Directions for this task :: Your response should be the complete set of records, reproduced exactly.

── Data provided ──

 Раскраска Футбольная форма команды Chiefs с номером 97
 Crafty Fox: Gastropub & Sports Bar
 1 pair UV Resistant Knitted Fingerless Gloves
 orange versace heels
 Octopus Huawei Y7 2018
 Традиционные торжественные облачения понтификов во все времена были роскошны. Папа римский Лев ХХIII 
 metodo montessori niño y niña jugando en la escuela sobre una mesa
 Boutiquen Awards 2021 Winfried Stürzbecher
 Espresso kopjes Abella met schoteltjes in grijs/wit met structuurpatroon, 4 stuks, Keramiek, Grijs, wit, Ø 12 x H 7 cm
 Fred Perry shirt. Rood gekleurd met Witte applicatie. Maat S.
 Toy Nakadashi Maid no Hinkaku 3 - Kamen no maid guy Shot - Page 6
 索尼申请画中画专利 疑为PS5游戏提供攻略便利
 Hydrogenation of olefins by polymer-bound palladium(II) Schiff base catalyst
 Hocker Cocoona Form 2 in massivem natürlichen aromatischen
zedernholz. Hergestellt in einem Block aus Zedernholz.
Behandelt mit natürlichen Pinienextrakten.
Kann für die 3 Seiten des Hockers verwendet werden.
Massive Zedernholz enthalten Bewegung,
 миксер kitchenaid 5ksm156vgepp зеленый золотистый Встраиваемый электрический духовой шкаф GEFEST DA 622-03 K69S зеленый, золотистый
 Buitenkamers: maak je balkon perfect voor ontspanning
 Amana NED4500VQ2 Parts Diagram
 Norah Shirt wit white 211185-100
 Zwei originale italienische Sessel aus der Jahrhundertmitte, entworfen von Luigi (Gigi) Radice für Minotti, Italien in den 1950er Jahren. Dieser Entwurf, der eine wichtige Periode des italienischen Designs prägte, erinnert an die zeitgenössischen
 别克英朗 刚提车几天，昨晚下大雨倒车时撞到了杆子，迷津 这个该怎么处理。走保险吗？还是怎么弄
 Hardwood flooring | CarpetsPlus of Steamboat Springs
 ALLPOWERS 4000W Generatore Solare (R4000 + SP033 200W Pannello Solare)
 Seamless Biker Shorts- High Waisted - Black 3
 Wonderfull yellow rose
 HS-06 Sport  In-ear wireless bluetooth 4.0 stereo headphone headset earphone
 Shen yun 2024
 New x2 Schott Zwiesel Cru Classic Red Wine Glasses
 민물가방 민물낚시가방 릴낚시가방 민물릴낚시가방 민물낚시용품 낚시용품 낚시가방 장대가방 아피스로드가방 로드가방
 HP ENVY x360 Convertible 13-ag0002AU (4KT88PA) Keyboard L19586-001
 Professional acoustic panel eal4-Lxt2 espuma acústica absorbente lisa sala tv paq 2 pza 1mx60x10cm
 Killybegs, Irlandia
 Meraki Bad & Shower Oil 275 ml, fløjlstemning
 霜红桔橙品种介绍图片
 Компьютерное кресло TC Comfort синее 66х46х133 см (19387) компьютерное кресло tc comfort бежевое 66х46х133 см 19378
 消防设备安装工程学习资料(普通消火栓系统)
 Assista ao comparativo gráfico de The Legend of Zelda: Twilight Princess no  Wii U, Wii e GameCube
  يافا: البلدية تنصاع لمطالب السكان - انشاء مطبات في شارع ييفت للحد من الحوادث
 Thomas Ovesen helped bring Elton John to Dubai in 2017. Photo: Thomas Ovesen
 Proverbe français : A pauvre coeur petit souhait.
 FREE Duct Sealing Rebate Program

───

Solution for this task ::
 Раскраска Футбольная форма команды Chiefs с номером 97
 Crafty Fox: Gastropub & Sports Bar
 1 pair UV Resistant Knitted Fingerless Gloves
 orange versace heels
 Octopus Huawei Y7 2018
 Традиционные торжественные облачения понтификов во все времена были роскошны. Папа римский Лев ХХIII 
 metodo montessori niño y niña jugando en la escuela sobre una mesa
 Boutiquen Awards 2021 Winfried Stürzbecher
 Espresso kopjes Abella met schoteltjes in grijs/wit met structuurpatroon, 4 stuks, Keramiek, Grijs, wit, Ø 12 x H 7 cm
 Fred Perry shirt. Rood gekleurd met Witte applicatie. Maat S.
 Toy Nakadashi Maid no Hinkaku 3 - Kamen no maid guy Shot - Page 6
 索尼申请画中画专利 疑为PS5游戏提供攻略便利
 Hydrogenation of olefins by polymer-bound palladium(II) Schiff base catalyst
 Hocker Cocoona Form 2 in massivem natürlichen aromatischen
zedernholz. Hergestellt in einem Block aus Zedernholz.
Behandelt mit natürlichen Pinienextrakten.
Kann für die 3 Seiten des Hockers verwendet werden.
Massive Zedernholz enthalten Bewegung,
 миксер kitchenaid 5ksm156vgepp зеленый золотистый Встраиваемый электрический духовой шкаф GEFEST DA 622-03 K69S зеленый, золотистый
 Buitenkamers: maak je balkon perfect voor ontspanning
 Amana NED4500VQ2 Parts Diagram
 Norah Shirt wit white 211185-100
 Zwei originale italienische Sessel aus der Jahrhundertmitte, entworfen von Luigi (Gigi) Radice für Minotti, Italien in den 1950er Jahren. Dieser Entwurf, der eine wichtige Periode des italienischen Designs prägte, erinnert an die zeitgenössischen
 别克英朗 刚提车几天，昨晚下大雨倒车时撞到了杆子，迷津 这个该怎么处理。走保险吗？还是怎么弄
 Hardwood flooring | CarpetsPlus of Steamboat Springs
 ALLPOWERS 4000W Generatore Solare (R4000 + SP033 200W Pannello Solare)
 Seamless Biker Shorts- High Waisted - Black 3
 Wonderfull yellow rose
 HS-06 Sport  In-ear wireless bluetooth 4.0 stereo headphone headset earphone
 Shen yun 2024
 New x2 Schott Zwiesel Cru Classic Red Wine Glasses
 민물가방 민물낚시가방 릴낚시가방 민물릴낚시가방 민물낚시용품 낚시용품 낚시가방 장대가방 아피스로드가방 로드가방
 HP ENVY x360 Convertible 13-ag0002AU (4KT88PA) Keyboard L19586-001
 Professional acoustic panel eal4-Lxt2 espuma acústica absorbente lisa sala tv paq 2 pza 1mx60x10cm
 Killybegs, Irlandia
 Meraki Bad & Shower Oil 275 ml, fløjlstemning
 霜红桔橙品种介绍图片
 Компьютерное кресло TC Comfort синее 66х46х133 см (19387) компьютерное кресло tc comfort бежевое 66х46х133 см 19378
 消防设备安装工程学习资料(普通消火栓系统)
 Assista ao comparativo gráfico de The Legend of Zelda: Twilight Princess no  Wii U, Wii e GameCube
  يافا: البلدية تنصاع لمطالب السكان - انشاء مطبات في شارع ييفت للحد من الحوادث
 Thomas Ovesen helped bring Elton John to Dubai in 2017. Photo: Thomas Ovesen
 Proverbe français : A pauvre coeur petit souhait.
 FREE Duct Sealing Rebate Program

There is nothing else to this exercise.